━━ Data listing
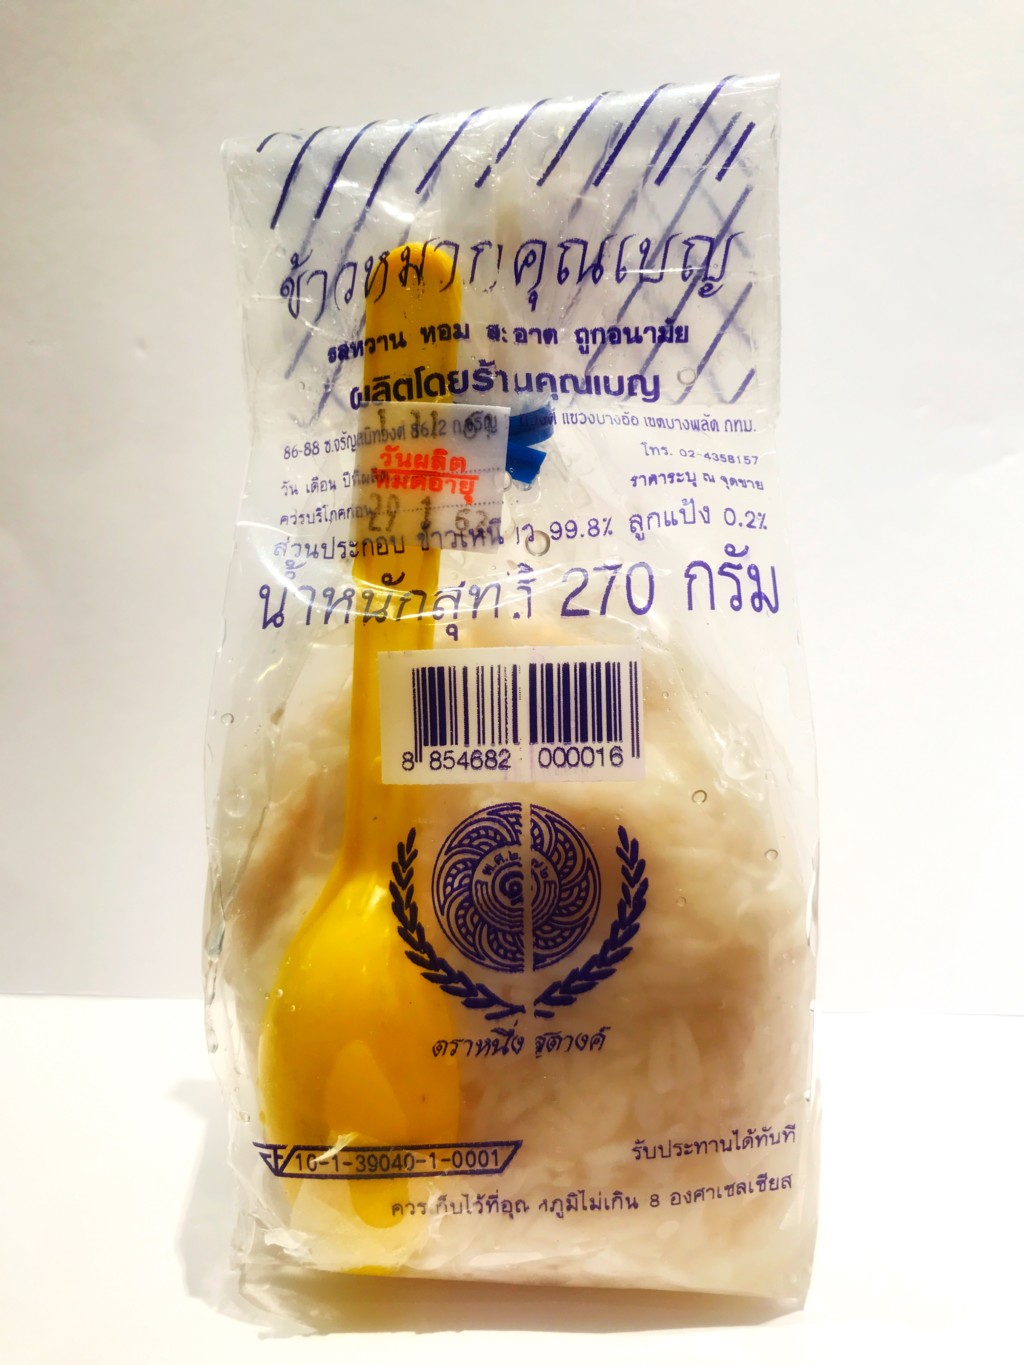 タイ王国の伝統的な甘酒『カオマーク(khao maak)』
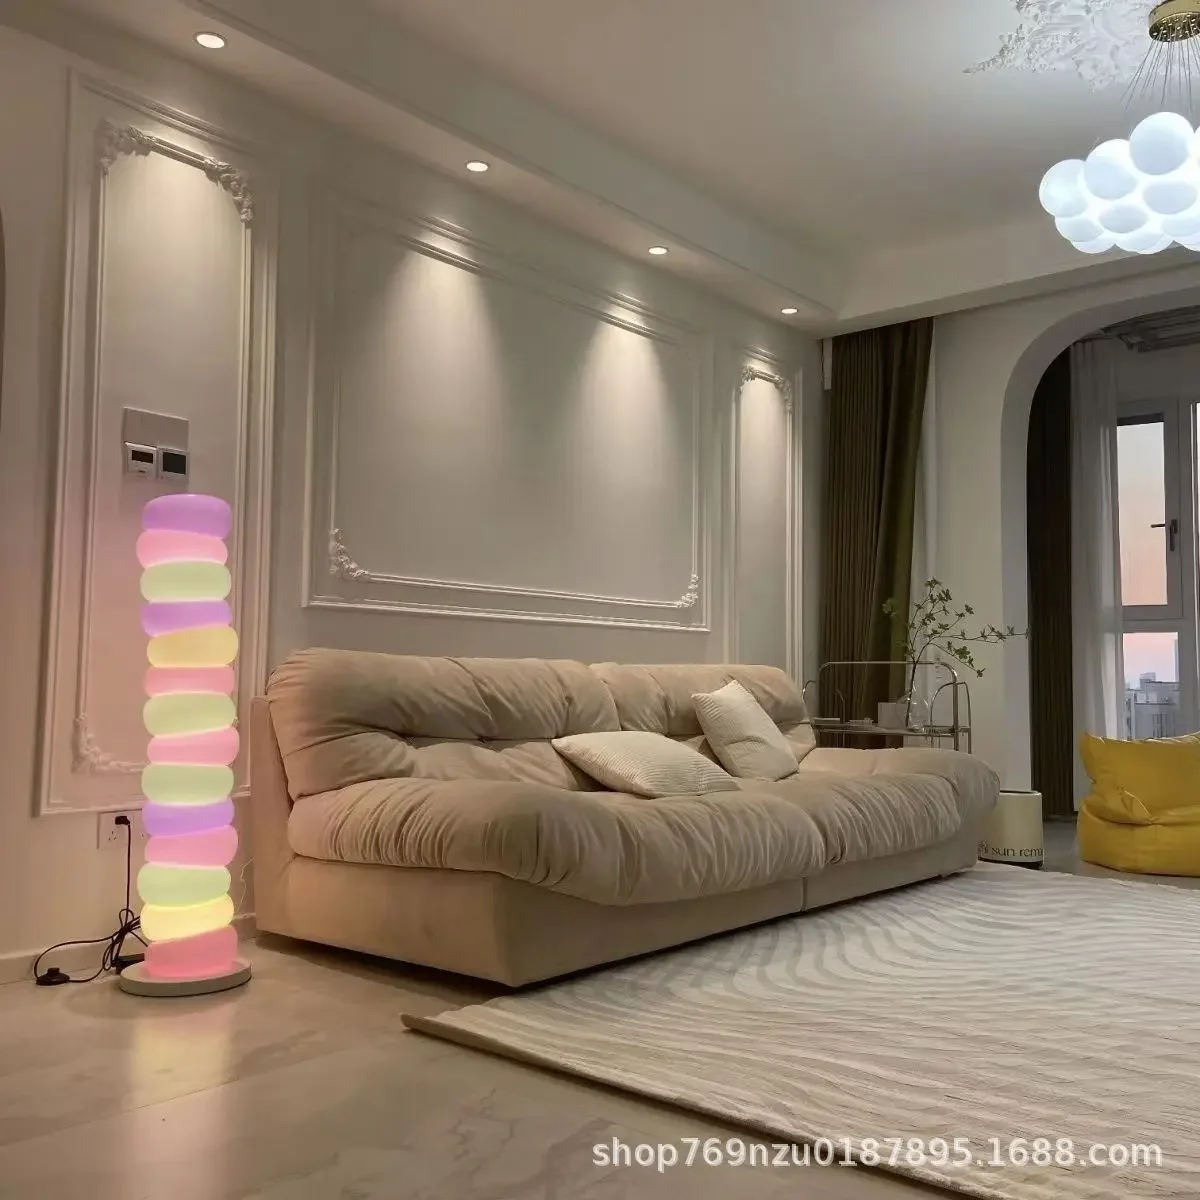 Сахарный торшер в стиле ворса, гостиная, спальня, чувство дизайна, Современные простые украшения, декоративная лампа, конфетный детский светильник Изображение 1
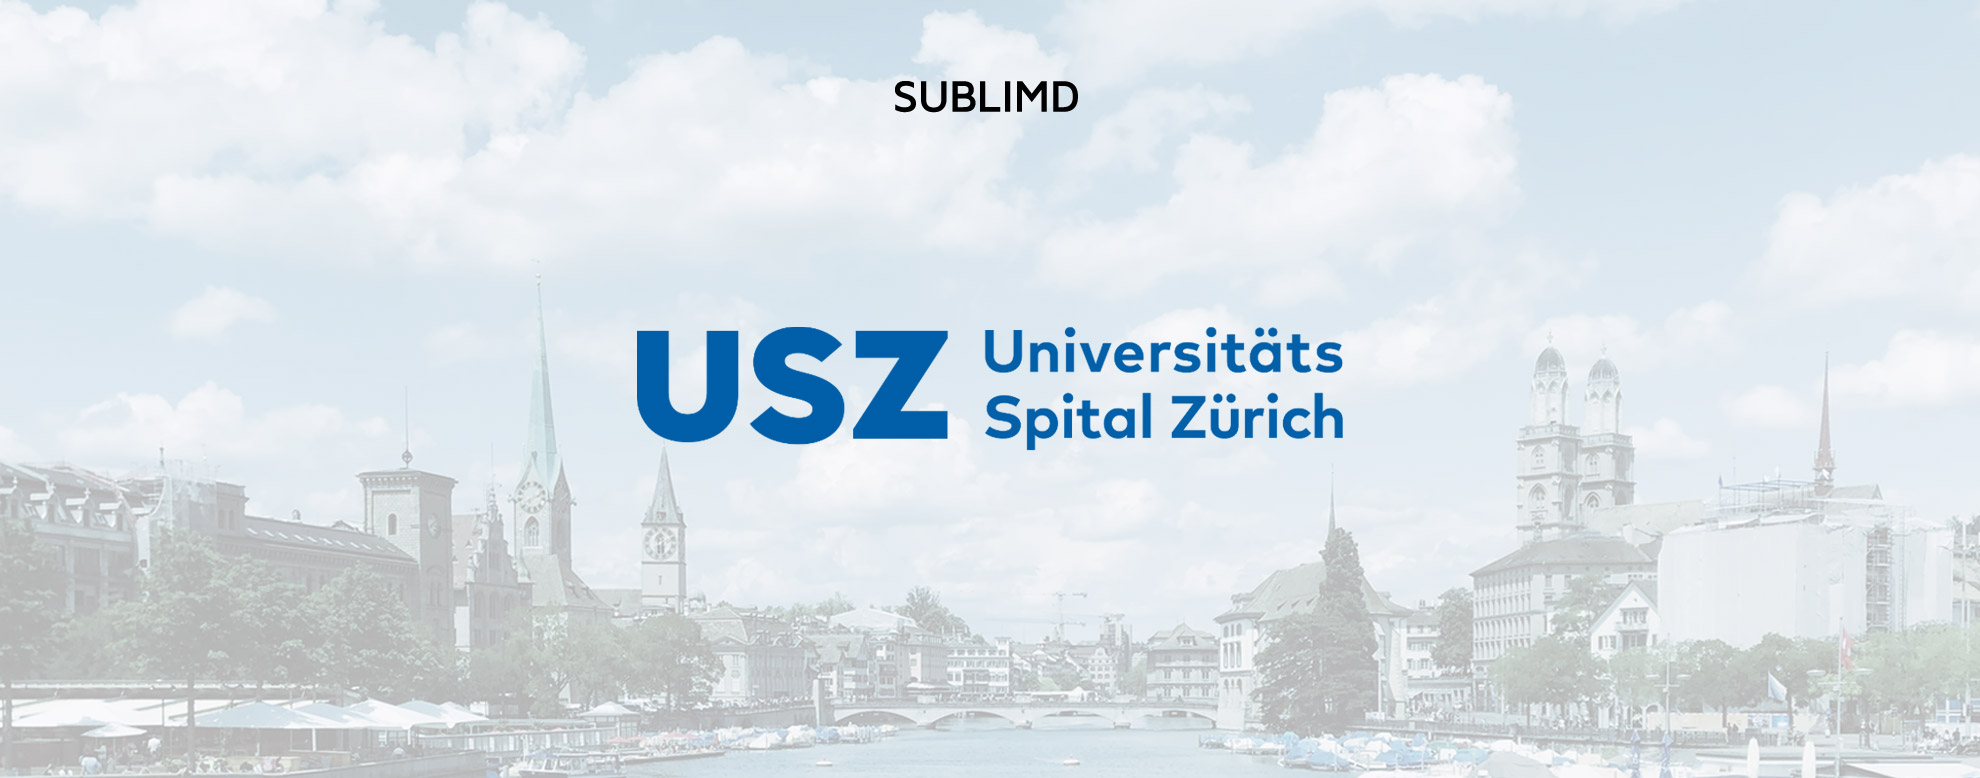 Case Study: Adipositas Zentrum Zürich des Universitätsspitals Zürich
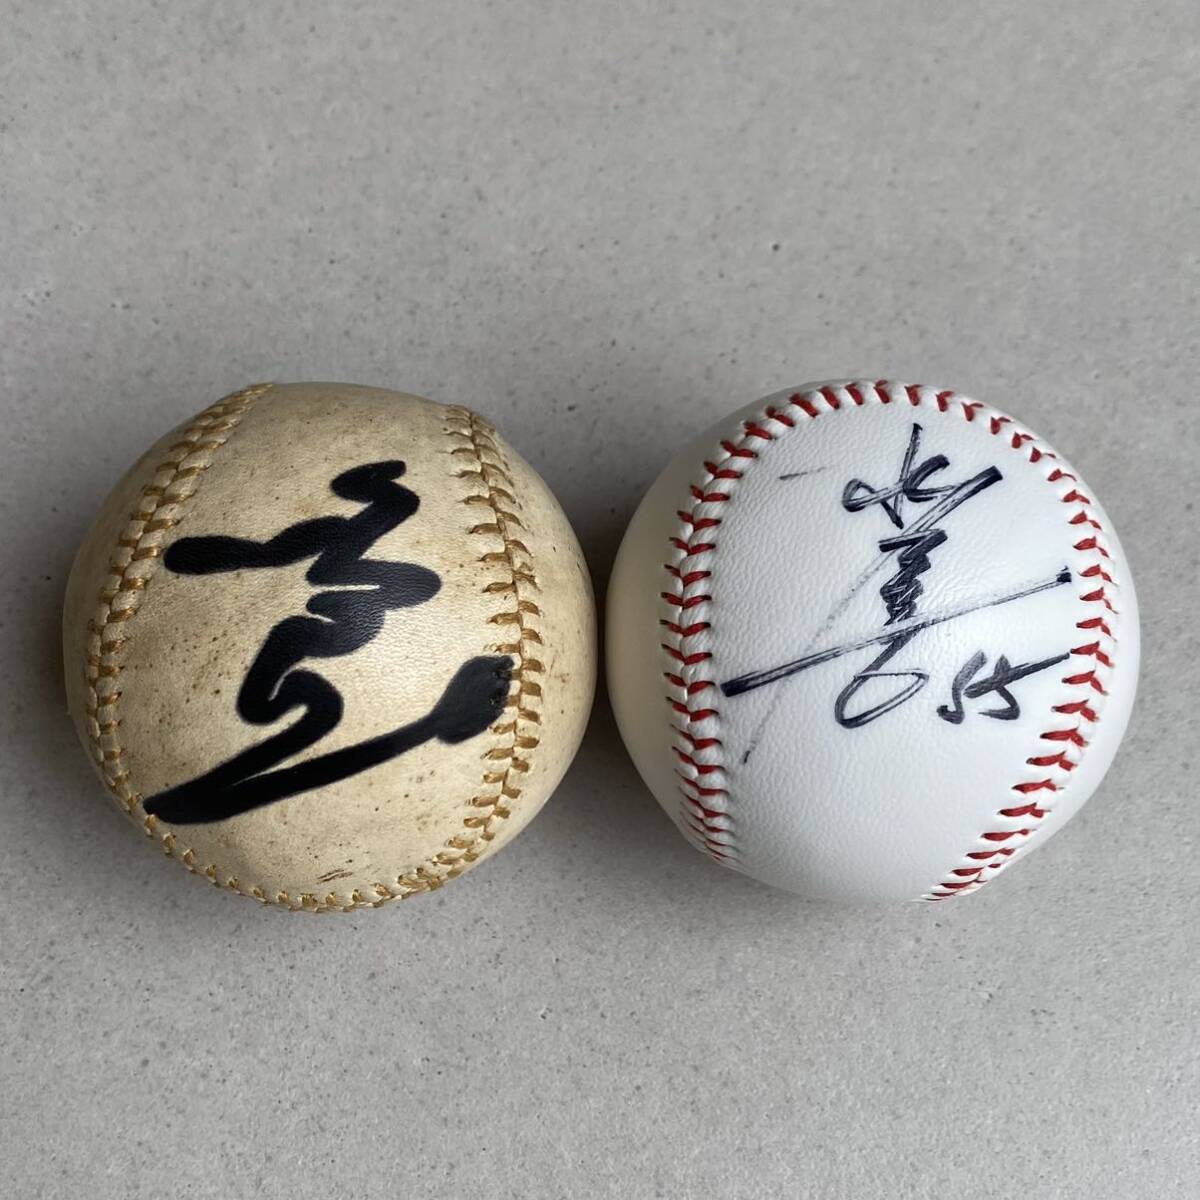  золотой рисовое поле правильный один сосна . превосходящий . автограф мяч автограф Yomiuri Giants . человек Professional Baseball игрок бейсбол 
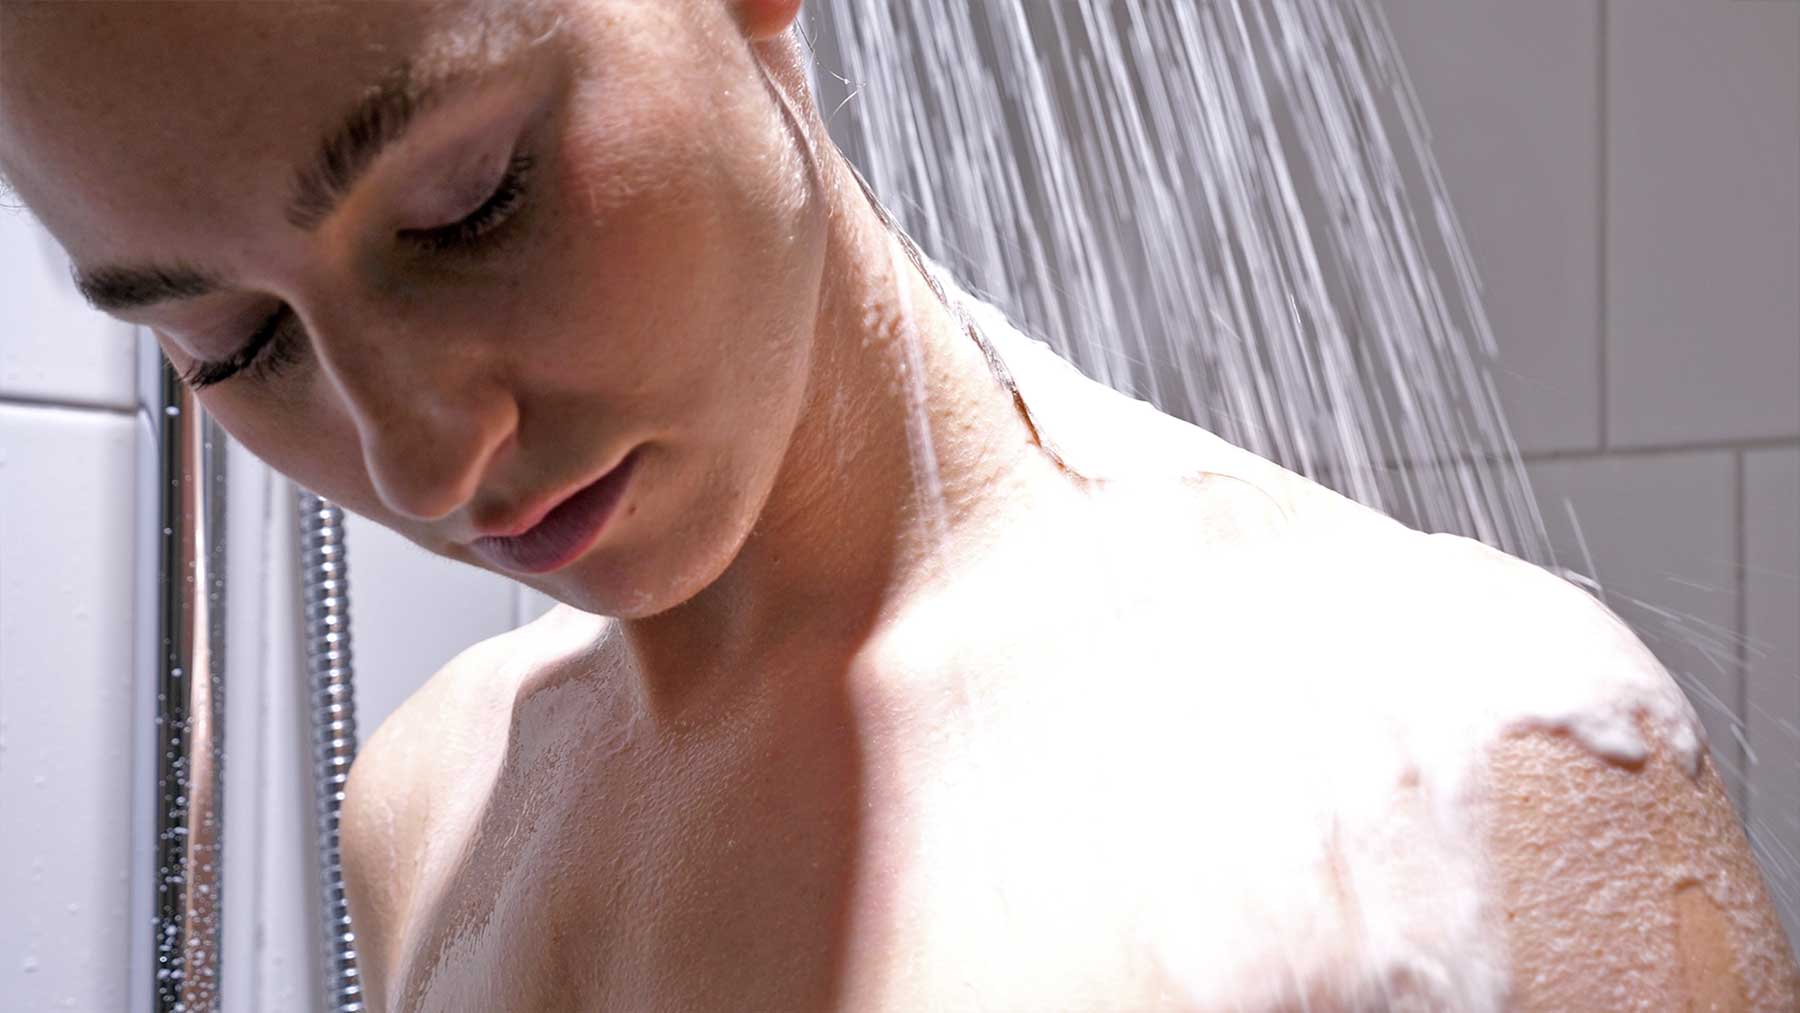 Shampoo beim Duschen direkt über die Brause ins Wasser geben showerspaah-shampoo-direkt-aus-brause-beim-duschen
━━━━
Would you repeat the complete listing exactly, excluding each picture it holds?

■ Solved problem ■
 タイ王国の伝統的な甘酒『カオマーク(khao maak)』
 Сахарный торшер в стиле ворса, гостиная, спальня, чувство дизайна, Современные простые украшения, декоративная лампа, конфетный детский светильник Изображение 1
 Case Study: Adipositas Zentrum Zürich des Universitätsspitals Zürich
  золотой рисовое поле правильный один сосна . превосходящий . автограф мяч автограф Yomiuri Giants . человек Professional Baseball игрок бейсбол 
 Shampoo beim Duschen direkt über die Brause ins Wasser geben showerspaah-shampoo-direkt-aus-brause-beim-duschen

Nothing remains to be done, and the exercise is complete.